§ **WORK TO COMPLETE**
Your reply must contain the full listing below, reproduced exactly, but no pictures.

§ **INFORMATION SUPPLIED**
*** Block opens ***

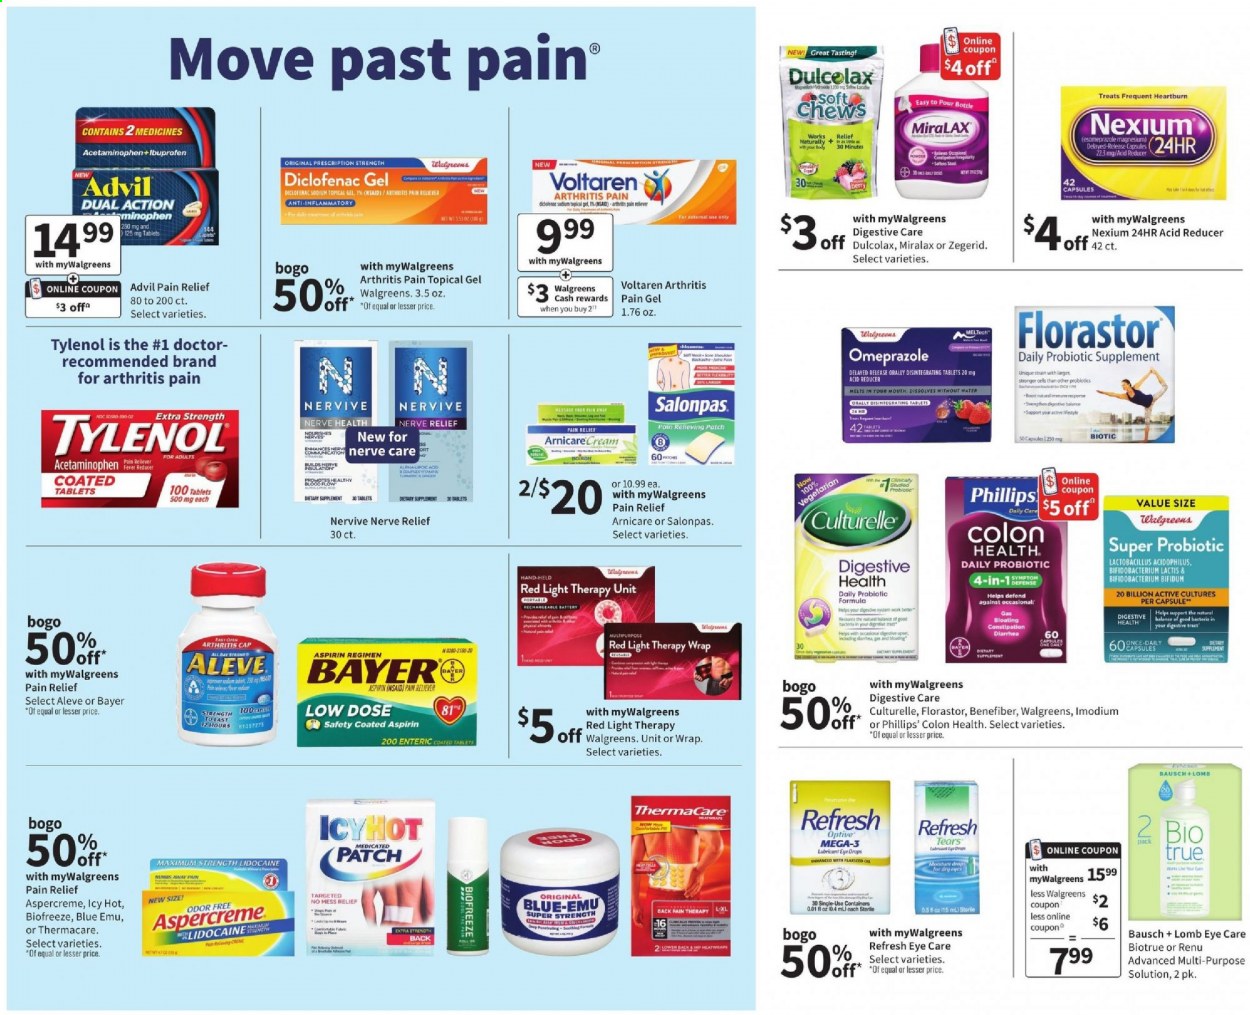 thumbnail - Walgreens Flyer - 05/02/2021 - 05/08/2021 - Sales products - chewing gum, pin, rechargeable battery, pain relief, Aleve, Culturelle, Dulcolax, MiraLAX, Thermacare, Tylenol, Ibuprofen, Imodium, probiotics, Aspercreme, Nexium, Biotrue, eye drops, Advil Rapid, Low Dose, aspirin, Bayer, dietary supplement. Page 21.
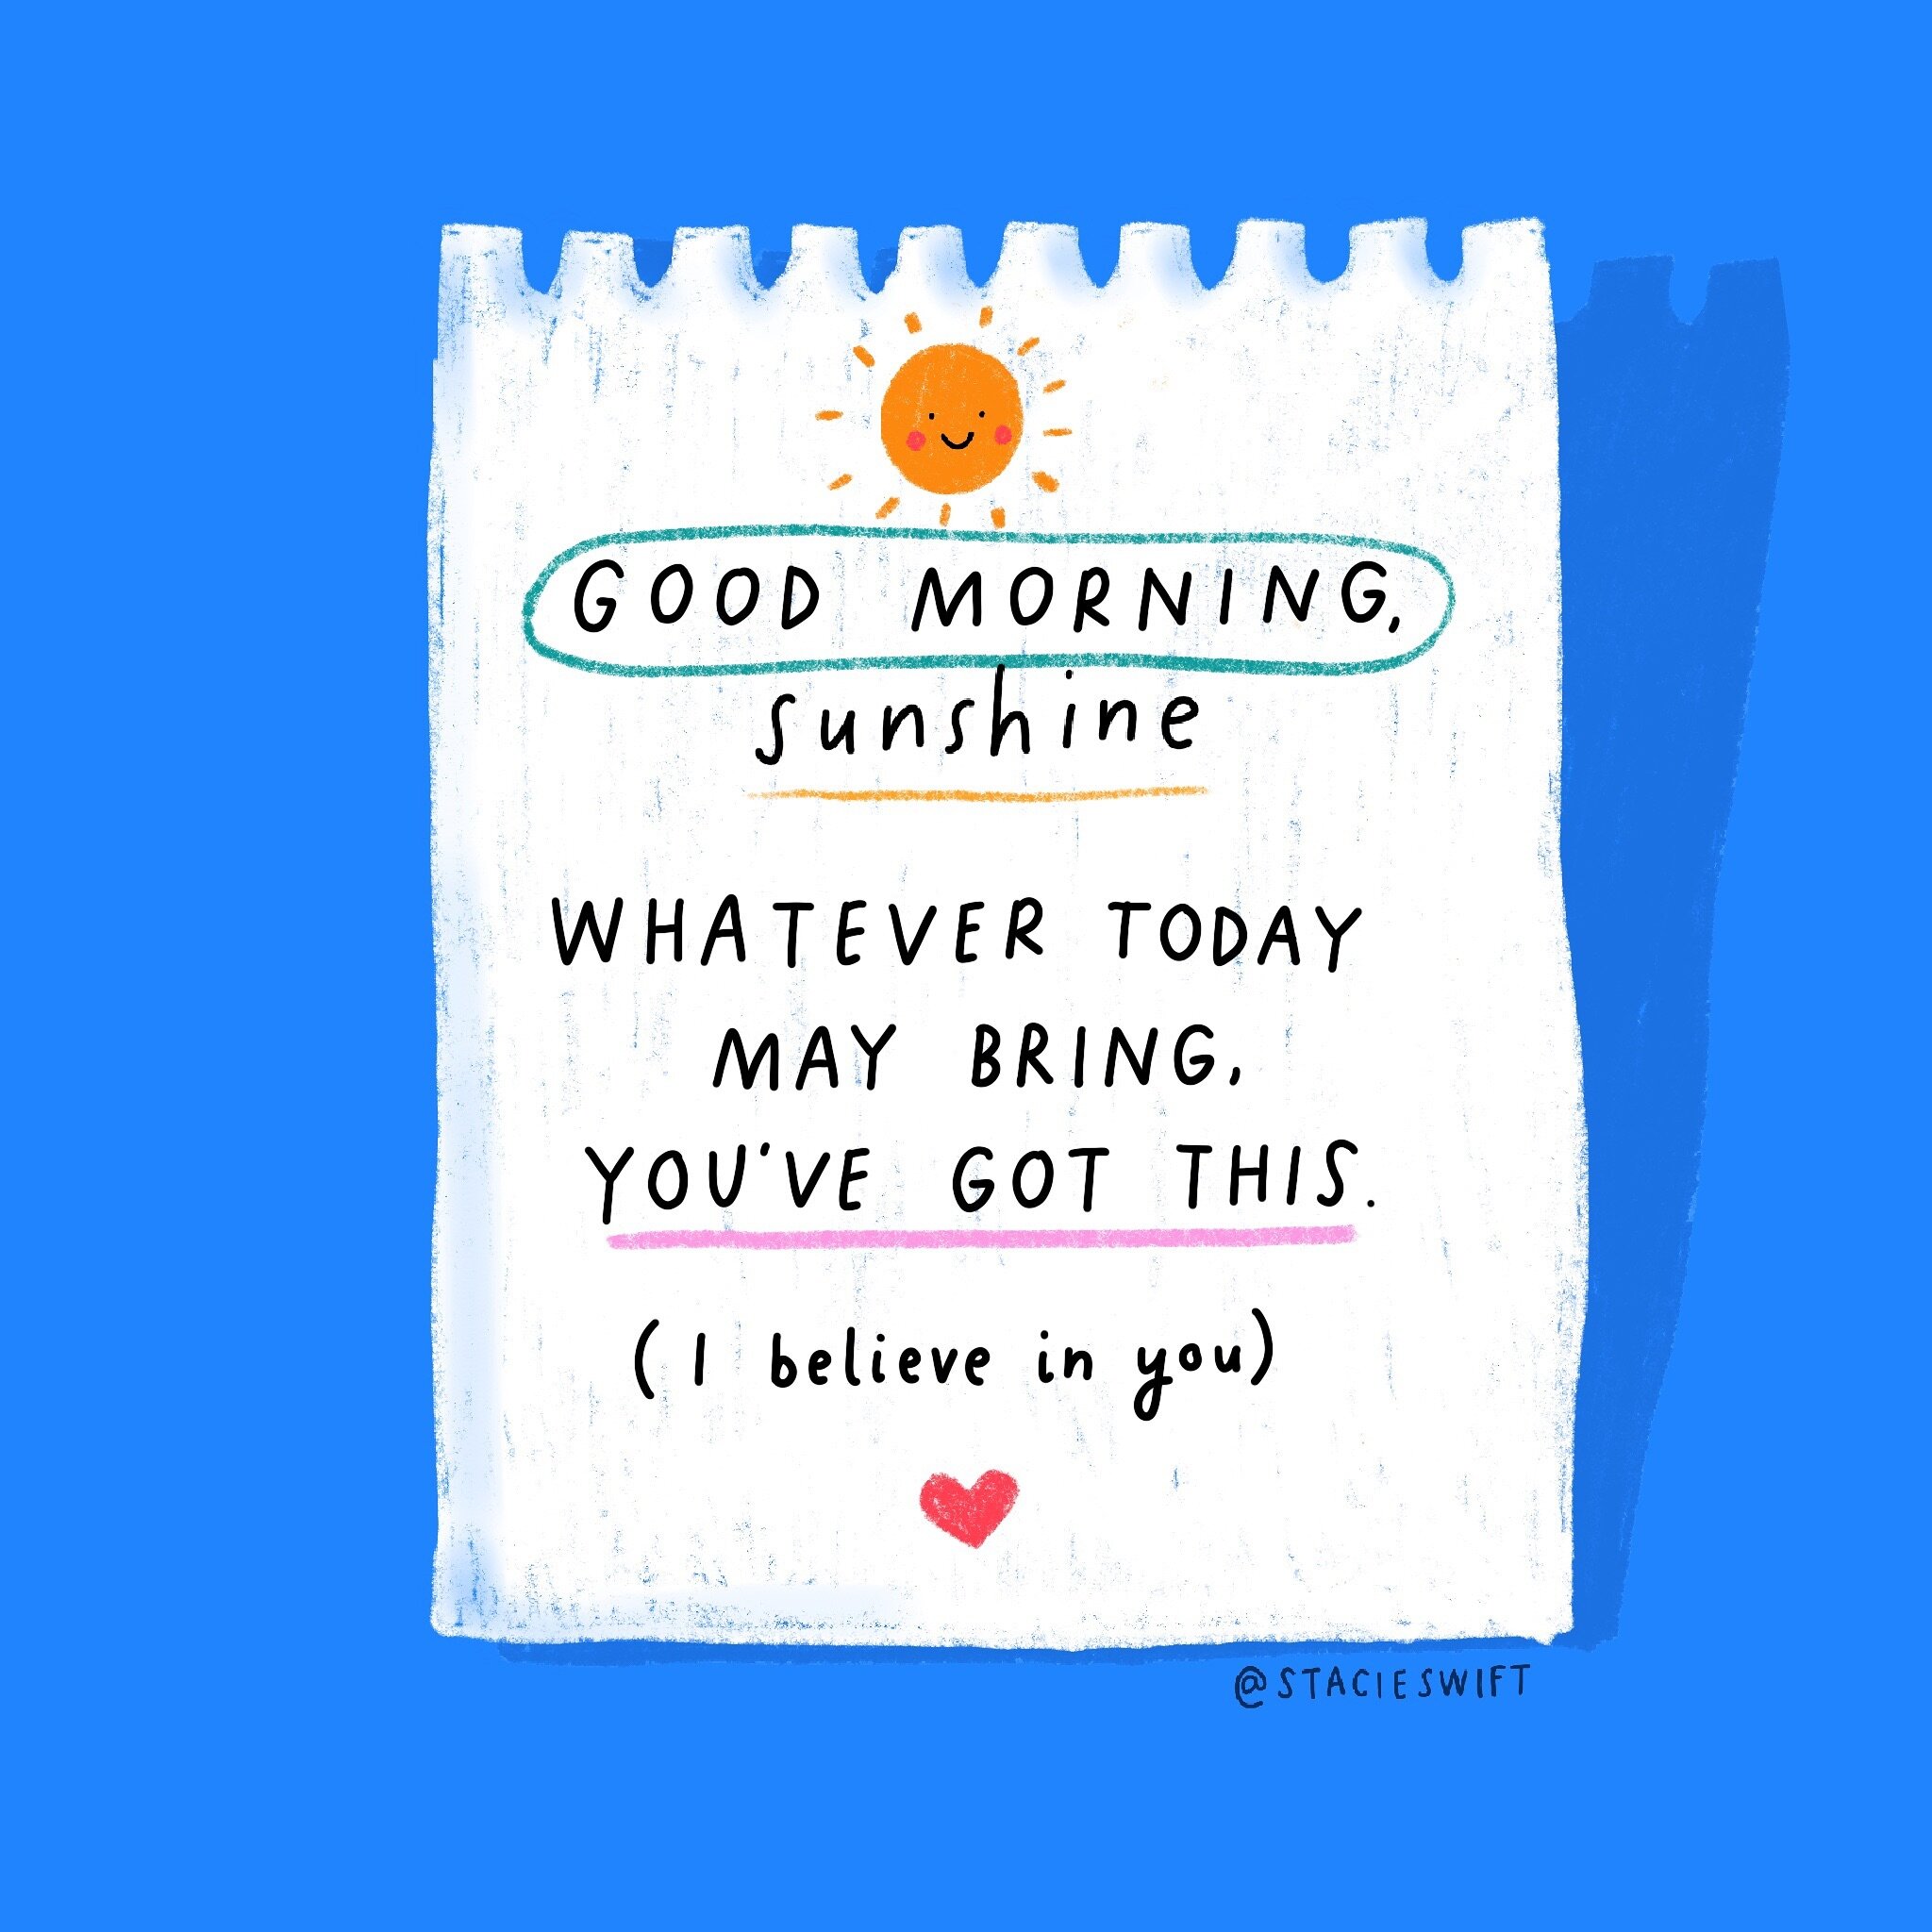 Good morning 🌞 

Here&rsquo;s a reminder that whatever Monday throws at you, you&rsquo;ve got this!

Happy New Week ❤️

*** Block closes ***

§ **RESULT OF THIS TASK**
 thumbnail - Walgreens Flyer - 05/02/2021 - 05/08/2021 - Sales products - chewing gum, pin, rechargeable battery, pain relief, Aleve, Culturelle, Dulcolax, MiraLAX, Thermacare, Tylenol, Ibuprofen, Imodium, probiotics, Aspercreme, Nexium, Biotrue, eye drops, Advil Rapid, Low Dose, aspirin, Bayer, dietary supplement. Page 21.
 Good morning 🌞 

Here&rsquo;s a reminder that whatever Monday throws at you, you&rsquo;ve got this!

Happy New Week ❤️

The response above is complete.